Myocardial crypts constitute an entity with uncertain clinical significance and sometimes need to be differentiated from ventricular diverticulum. It is usually seen as a narrow, deep blood-filled invagination in otherwise compacted left ventricular myocardium. Most of the definitions used a penetration of more than 50% of the myocardial thickness in diastole as one of the criteria for its diagnosis (31). These crypts are perpendicular to the endocardial border of otherwise normal compacted myocardium and show subtotal or total obliteration during systole. They commonly involve basal inferoseptal region and can be well seen on routine two chamber view. However a modified imaging plane through the inferoseptum further improves their identification. They are relatively common in the normal population with overall prevalence of 6-7% (31,32). They are increasingly common in hypertrophic and hypertensive cardiomyopathy. Moreover, the presence of a crypt has also been suggested as a predictor of gene carrier status in hypertrophic cardiomyopathy (33,34).

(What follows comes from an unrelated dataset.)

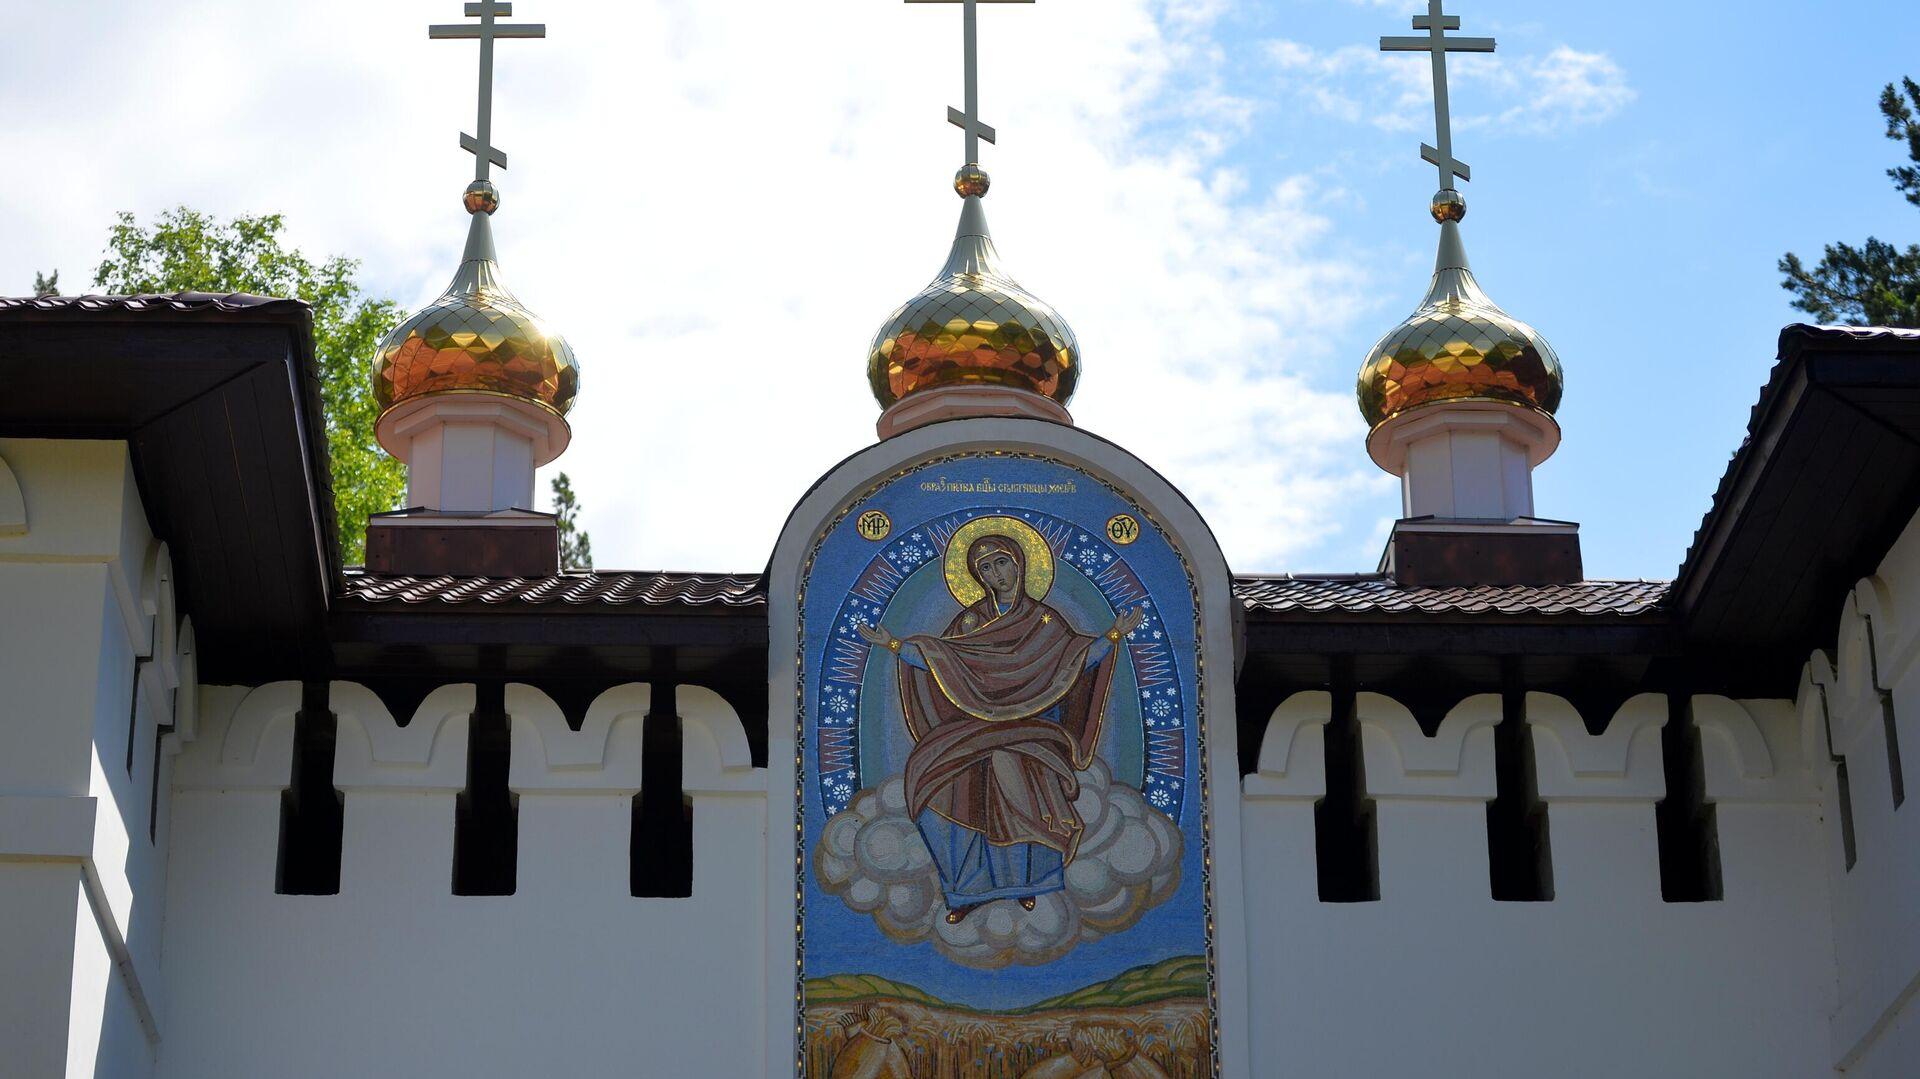 Среднеуральский женский монастырь в Свердловской области - РИА Новости, 1920, 04.07.2020

Accurate diagnosis of left ventricular outpouchings is of prime importance as their prognosis varies widely from benign to catastrophic. Cardiac MRI with its advanced sequences can characterize these outpouchings very well, thus helping clinicians to better understand their natural history and to guide proper management decisions with accurate diagnosis.
Conflicts of Interest: The authors have no conflicts of interest to declare.